Elsewhere, in Southern Africa, their Zimbabwean counterparts recently told them that hunted crocodiles, elephants, baboons, monkeys, leopards, buffaloes and lions are sending their children to school, and then to university, where they graduate and lift themselves and their families out of poverty. 

The schools that are funded by hunting revenue have produced graduates in finance, medicine, nursing, teaching and
engineering.

Some of these university graduates have already been poached by Western countries, such as the United Kingdom, which ironically continues to oppose international hunting. 

Elsewhere, Botswana and Namibian hunting communities recently issued powerful international hunting industry endorsement statements. 

“Wildlife hunting revenue has built a four-star lodge and community store, created employment and made us see the need to conserve not only wildlife but also its habitat,” said Claudia Nchunga of Botswana’s wildlife-rich Chobe district. 

“Therefore, hunting is promoting conservation and development in our community.”

In a Namibian hunting community, wildlife impressively ‘argued’ that it has greater value than cattle production, and won.

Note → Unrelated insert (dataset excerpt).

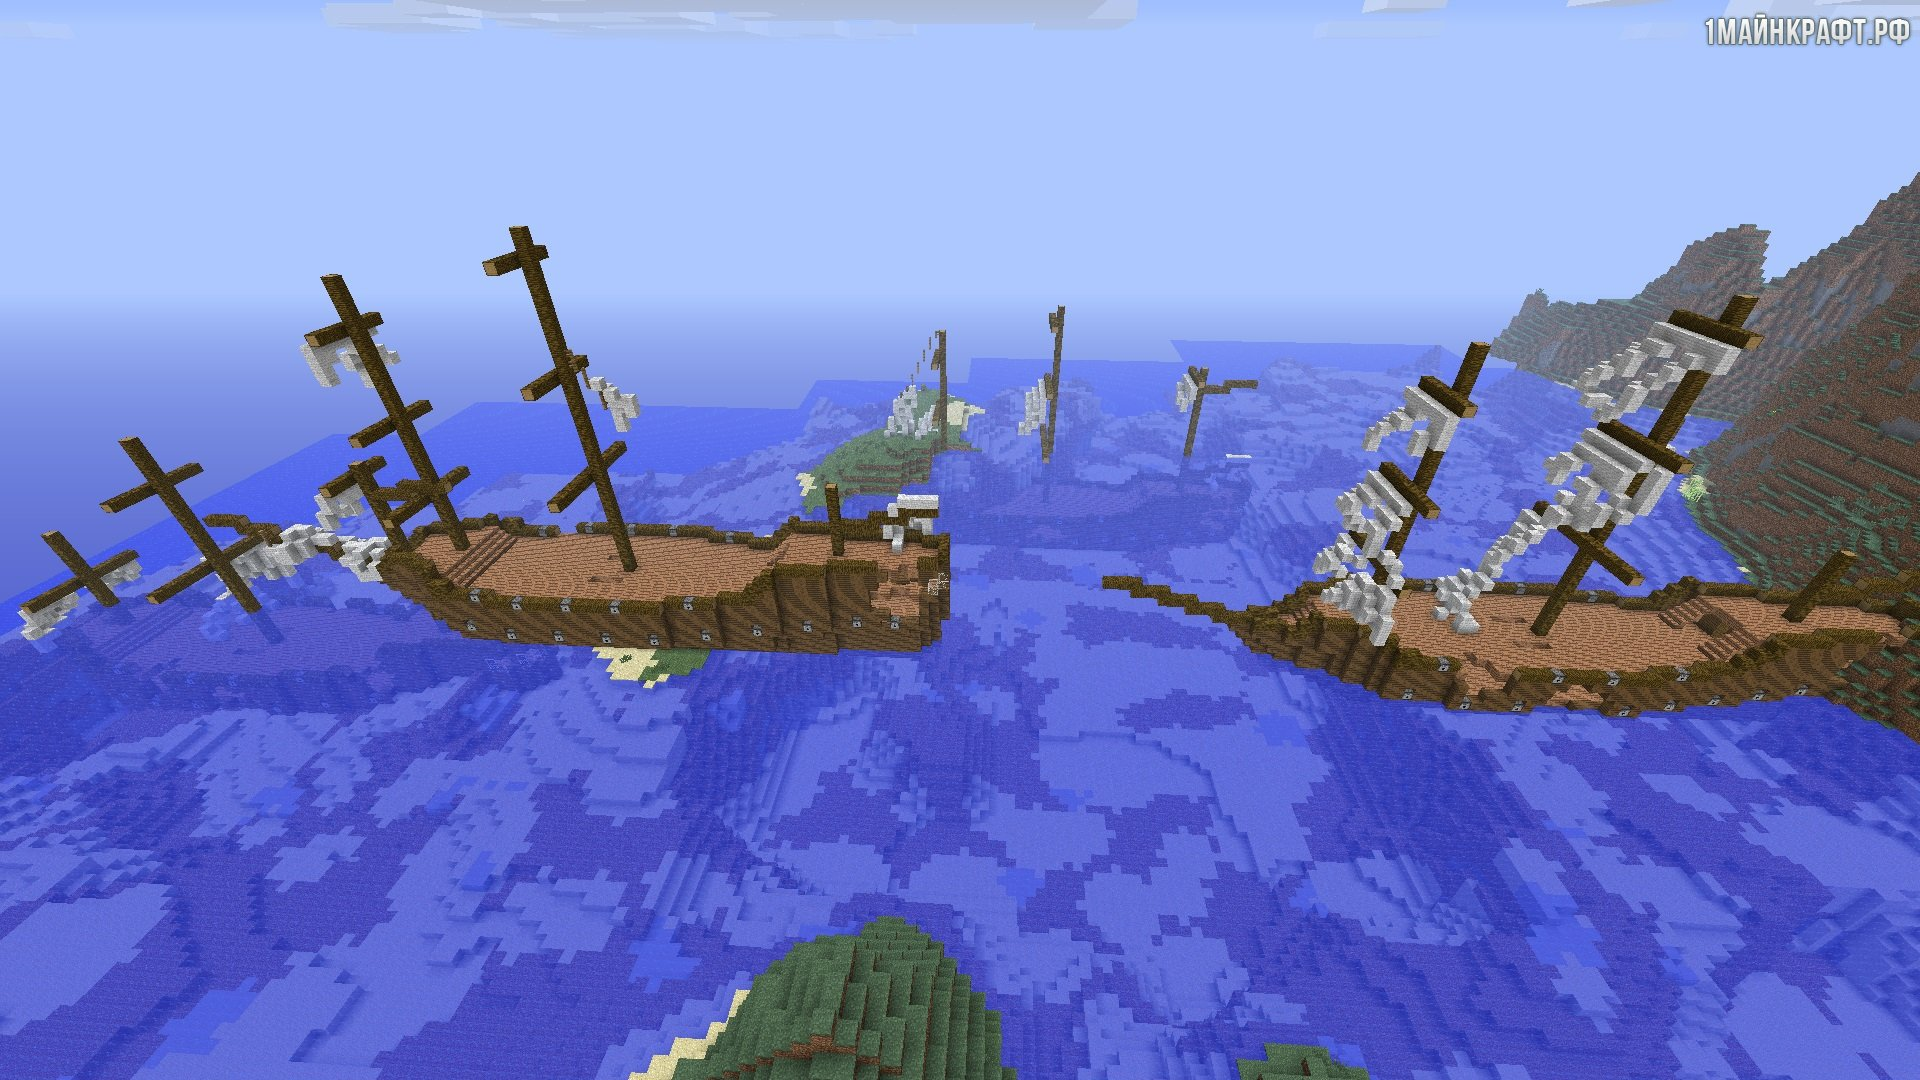 Скачать мод на майнкрафт 1.7.10 на пиратов замки и на большие корабли

“If you sell one cow, you get US$125 (N$2 000), while a kudu fetches US$935 (N$15 000) or more, depending on the size,” said Anabeb Conservancy chairman Ovehi Kasaona in a recent interview. 

“Therefore, our conservancy decided last year to sell all our cattle, and use the land for wildlife hunting and tourism lodges that we have built using hunting revenue.”

The hunting benefits to Namibia’s Anabeb Conservancy include the provision of water “within a five-metre distance for each household”. 

This has drastically reduced the long distances women and children would walk every day in the past to fetch water in the punishingly dry landscape.

*Emmanuel Koro is a Johannesburg-based international award-winning independent environmental journalist, who writes on environmental and developmental issues in Africa.